The line containing "ACTOR LEONARD ROSSITER", and every line after it to the end of the listing, should be repeated exactly; the pictures should not.
*** SUPPLIED MATERIAL ***
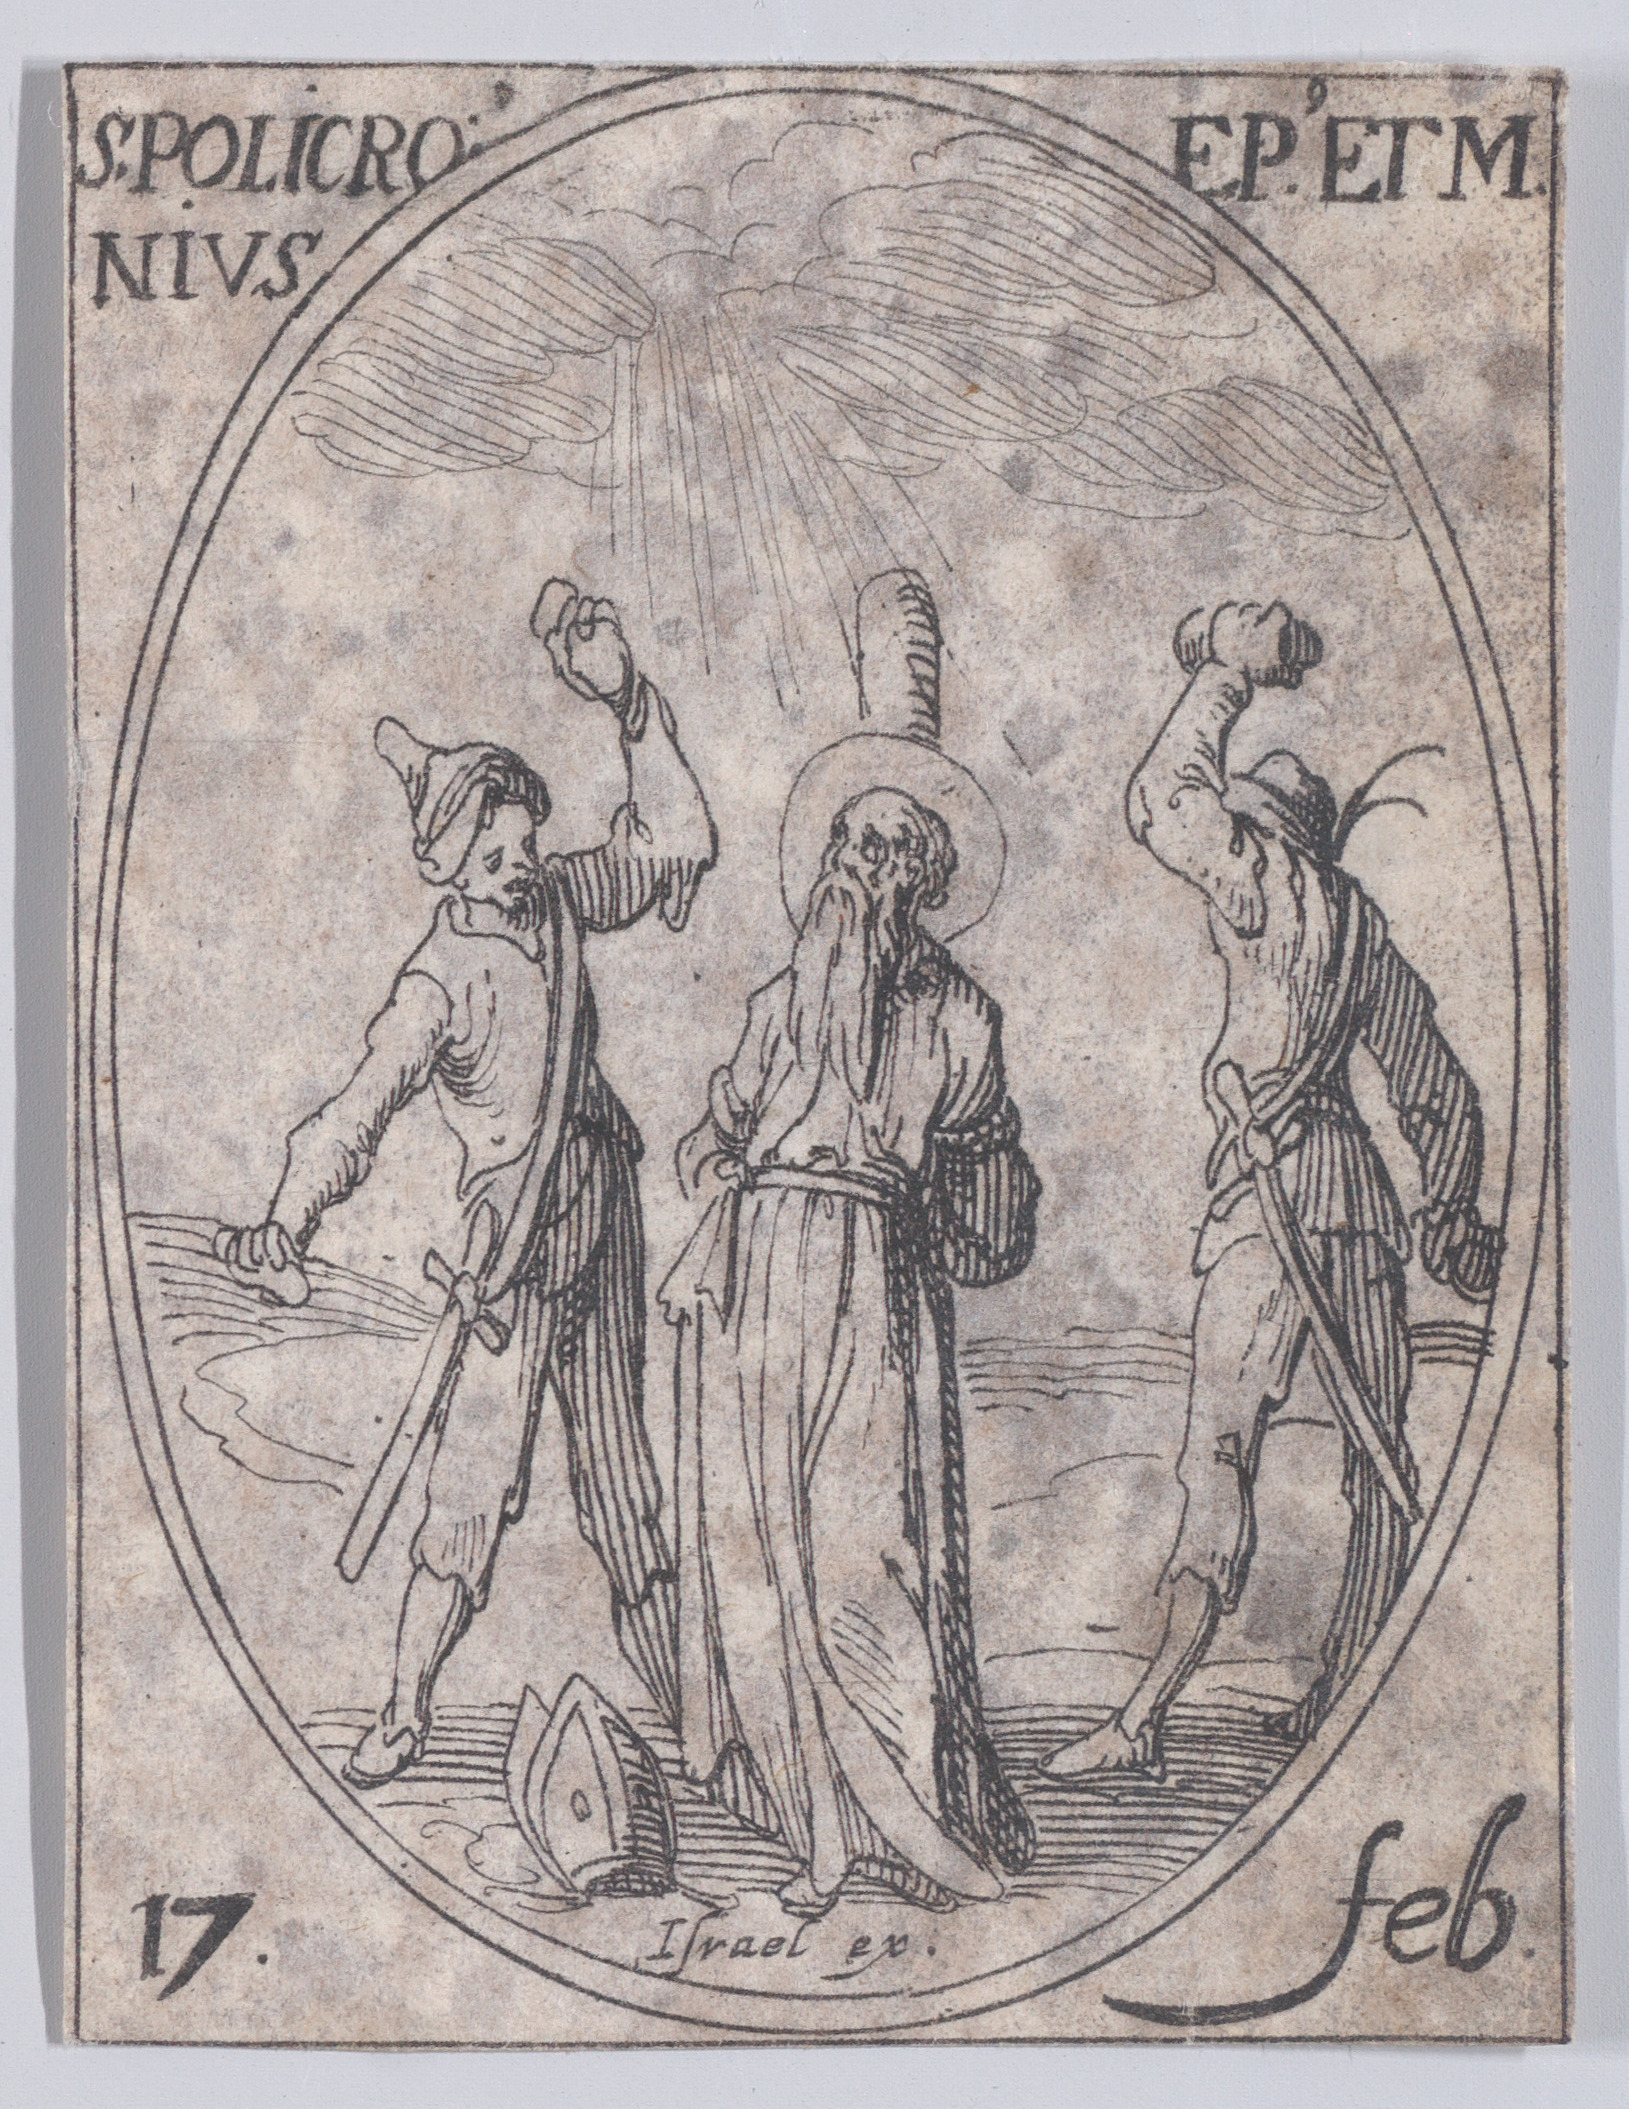 S. Polichroine, évêque et martyr (St. Polychronius, Bishop and Martyr), February 17th, from Les Images De Tous Les Saincts et Saintes de L'Année (Images of All of the Saints and Religious Events of the Year), Jacques Callot (French, Nancy 1592–1635 Nancy), Etching; second state of two (Lieure)
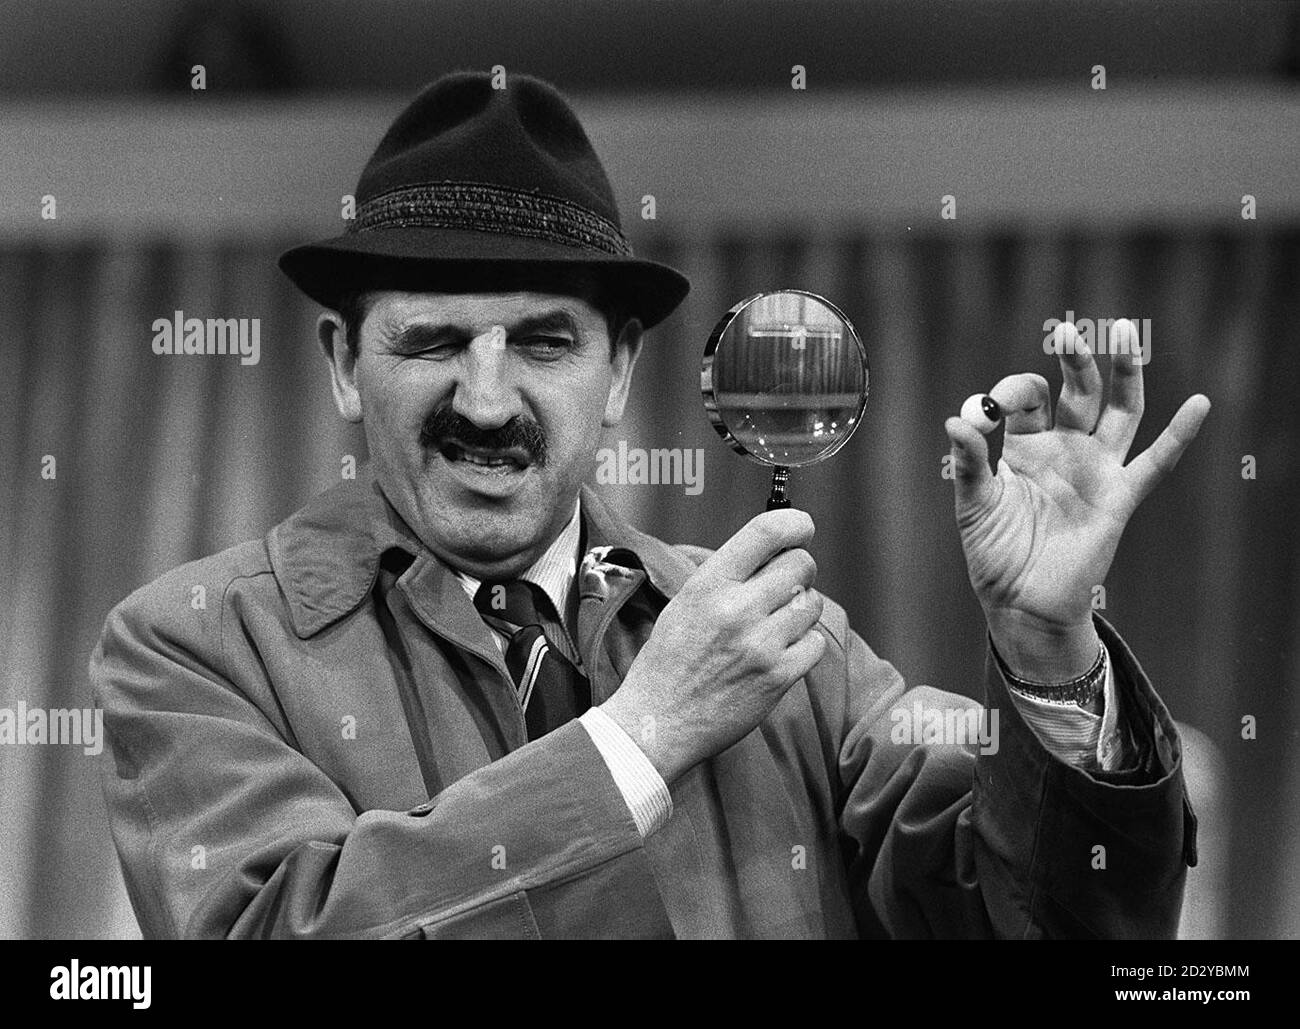 ACTOR LEONARD ROSSITER (d.1984) AT THE AMBASSADOR'S THEATRE, LONDON PREPARING FOR HIS ROLE AS THE ENIGMATIC POLICE INSPECTOR 'TRUSCOTT' IN JOE ORTON'S THEATRE PRODUCTION 'LOOT' Stock Photo
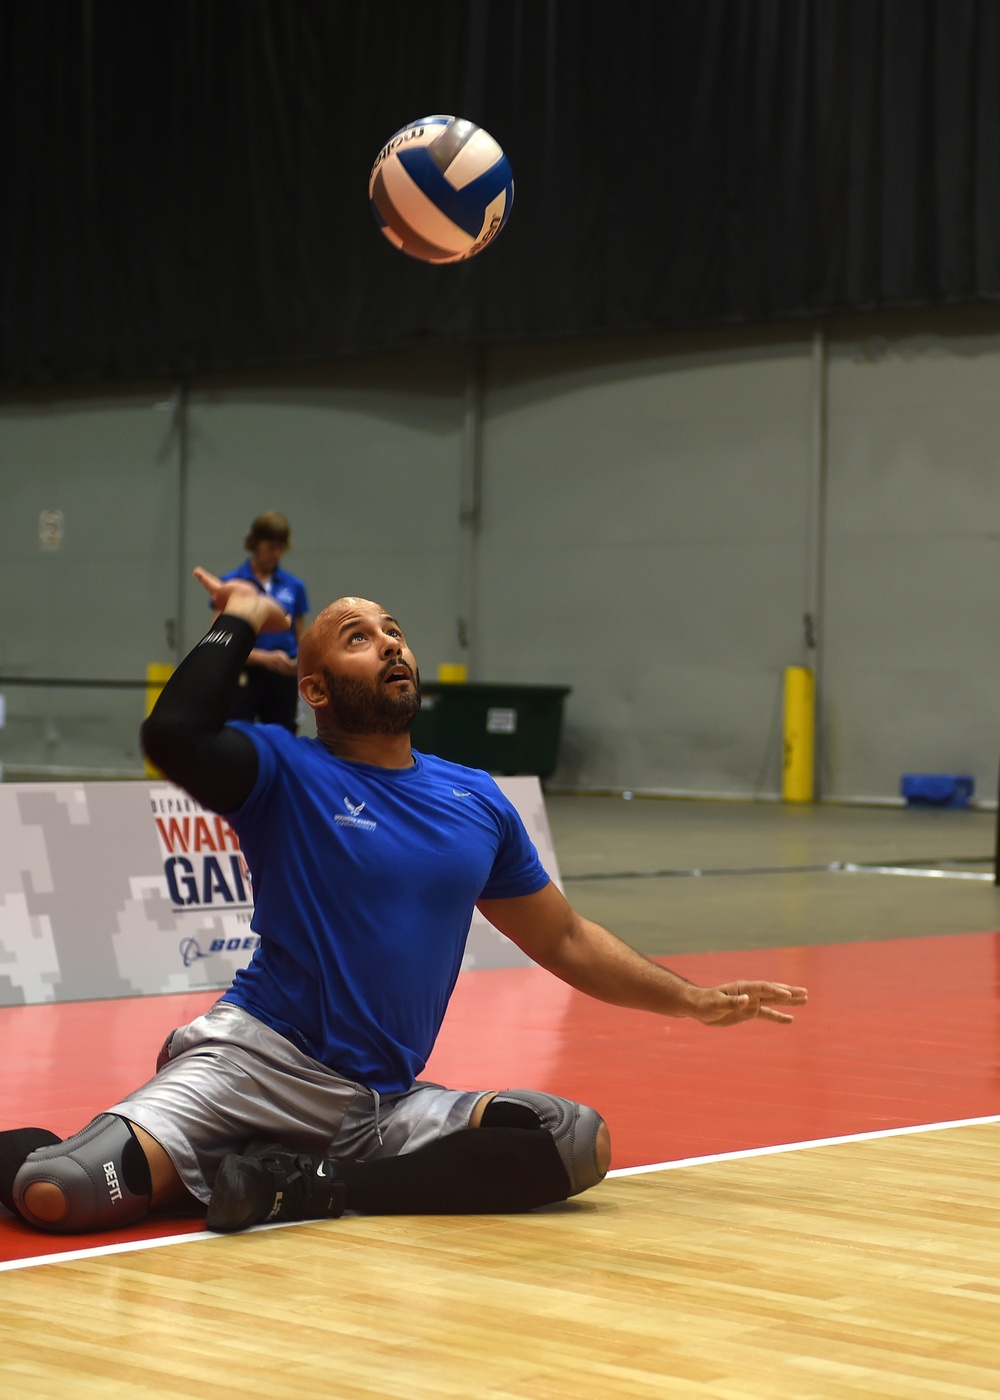 Air Force Volleyball Practice for Warrior Games
*** End of SUPPLIED MATERIAL ***
--- ANSWER BELOW ---
 ACTOR LEONARD ROSSITER (d.1984) AT THE AMBASSADOR'S THEATRE, LONDON PREPARING FOR HIS ROLE AS THE ENIGMATIC POLICE INSPECTOR 'TRUSCOTT' IN JOE ORTON'S THEATRE PRODUCTION 'LOOT' Stock Photo
 Air Force Volleyball Practice for Warrior Games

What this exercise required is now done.